Fig 3. Analysis of PPR-RNA interactions by SPR.

(A) SPR analysis of PPR10-atpH RNA interactions. Representative sensorgrams are shown at top. The data (black) were fit with a 1:1 Langmuir binding model (red). The RNAs are diagrammed in Fig 1A. PPR10 was used at a concentration of 5 nM and 2-fold dilutions thereof. Values in the table (+/- standard error of the mean) were calculated from data from three replicate experiments. A negative control demonstrating specificity of PPR10 for atpH RNA is shown in S2A Fig. Residuals are shown in S2C Fig. (B) SPR analysis of interactions between HCF152 and petB RNA. HCF152 was used at a concentration of 40 nM and 2-fold dilutions thereof. Representative sensorgrams are shown. Values in the table (+/- standard error of the mean) were calculated from four replicate experiments. A negative control demonstrating the specificity of HCF152 for petB RNA is shown in S2A Fig. Residuals are shown in S2C Fig. * Significantly different from data for the PPR10-atpH RNA interaction (P<0.05 according to a students t-test). (C) HCF152-petB RNA binding curves generated from gel mobility shift (GMS) and filter binding (FB) assays, comparing results from 30 min or overnight (~13 h) binding reactions. Examples of the raw data are shown in S2D Fig. (D) Effects of RNA structure on PPR10-RNA binding kinetics. The data are displayed as in panel (A). Values that are significantly different from those for the atpH-23mer are indicated (** = P<0.01, *** = P<0.001, according to a ratio paired t-test).

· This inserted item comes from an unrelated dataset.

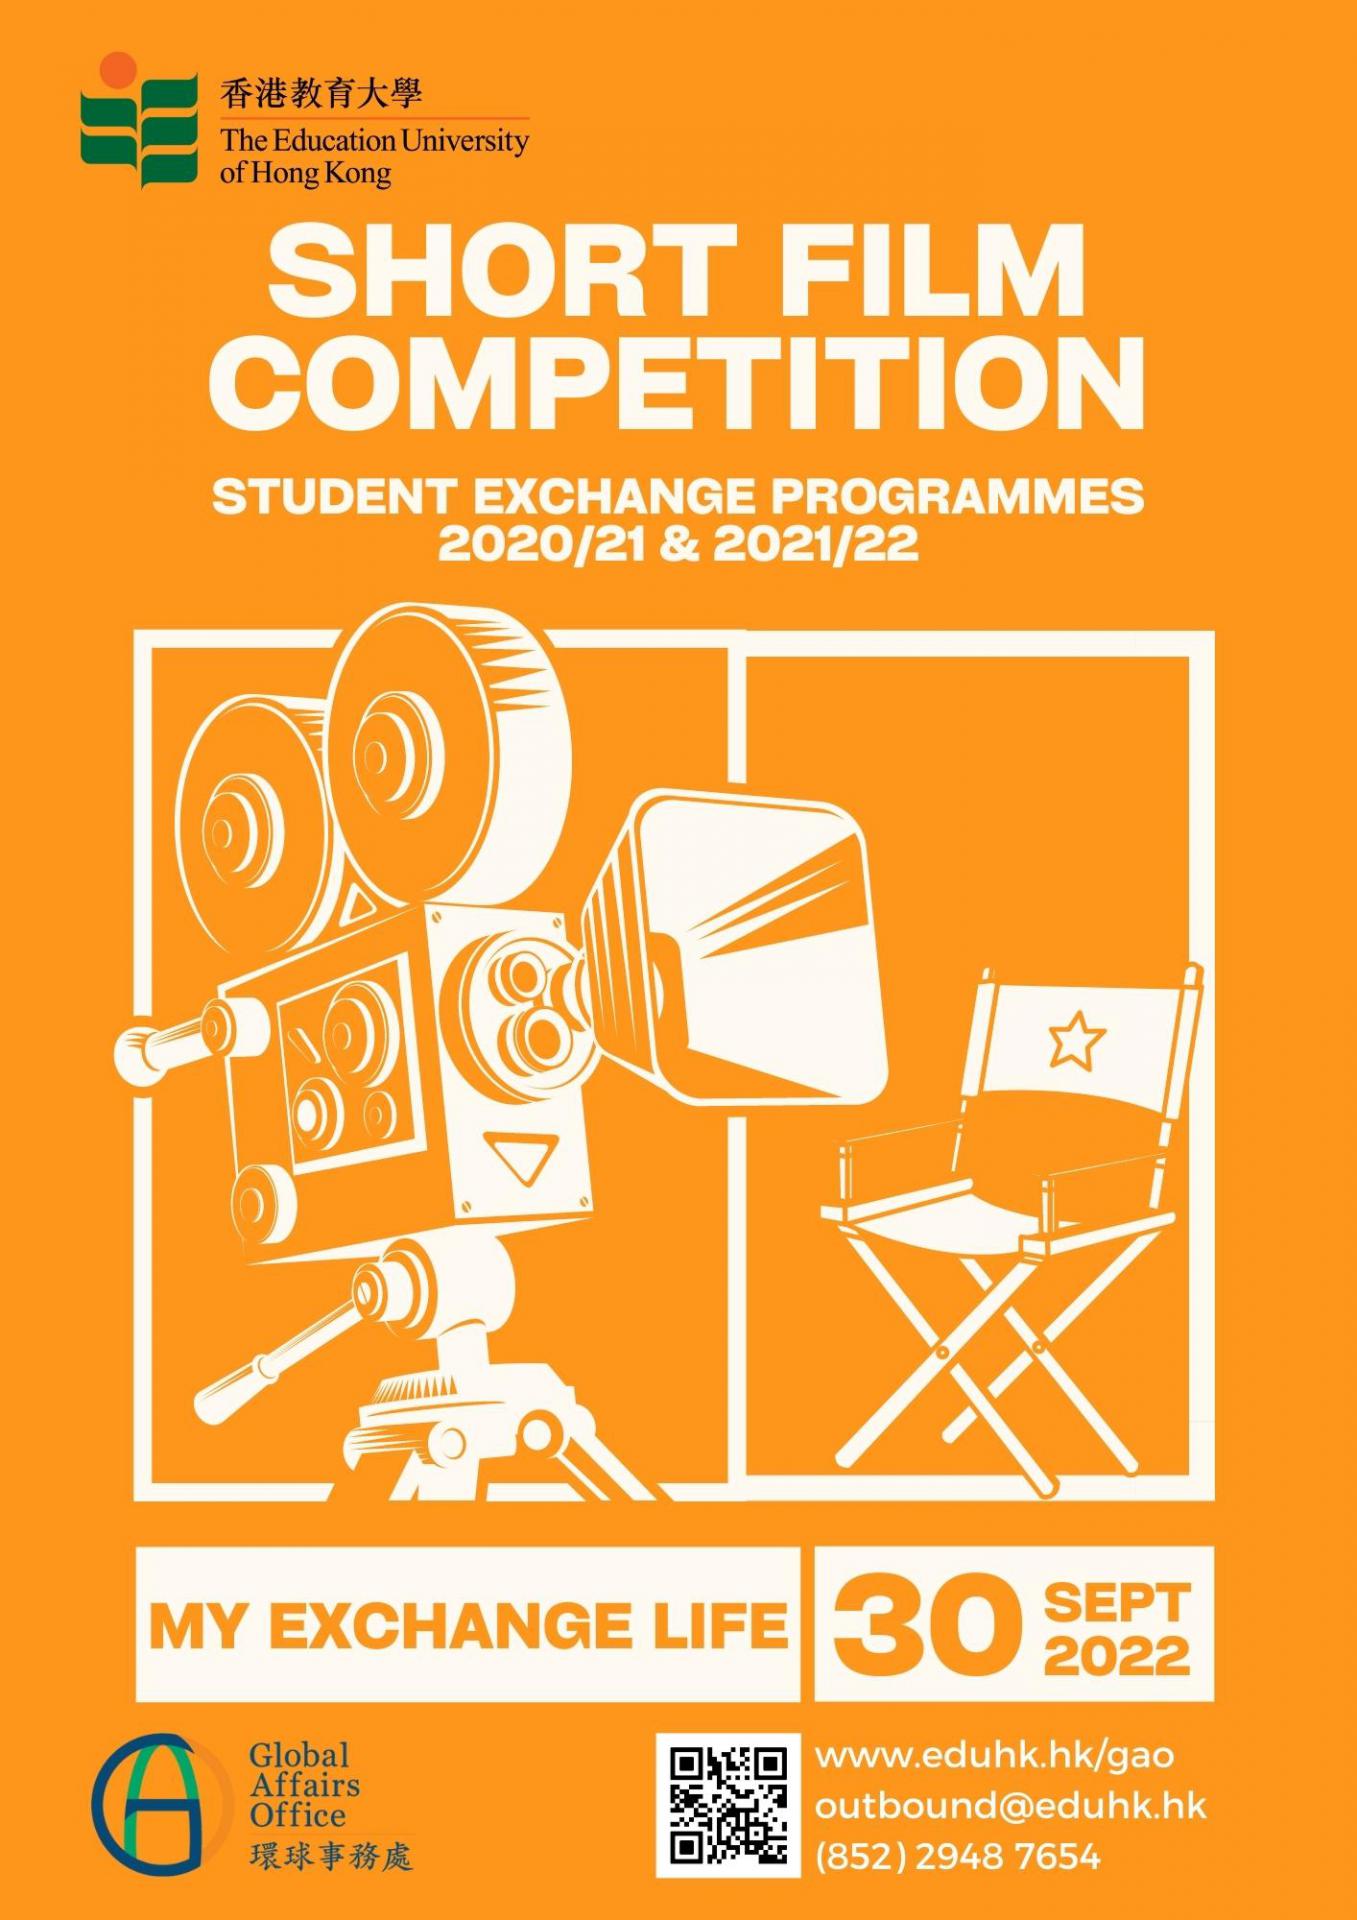 Short Film Competition “Student Exchange Programmes 2020/21 and 2021/22 - Sharing Exchange Experience”

Fig 4. Effect of salt concentration on the kinetics of PPR10-atpH RNA interactions.

Representative sensorgrams are shown at top. PPR10 was used at 5 nM and two-fold dilutions thereof. The data (black) were fit with a 1:1 Langmuir binding model (red). Residuals are shown in S2C Fig. The table below shows the binding parameters inferred from the data (average of three replicate experiments +/- standard error). Values that show a significant difference from those at 150 mM NaCl (see Fig 3A) are indicated (* = P<0.05, *** = P<0.001, according to a students t-test).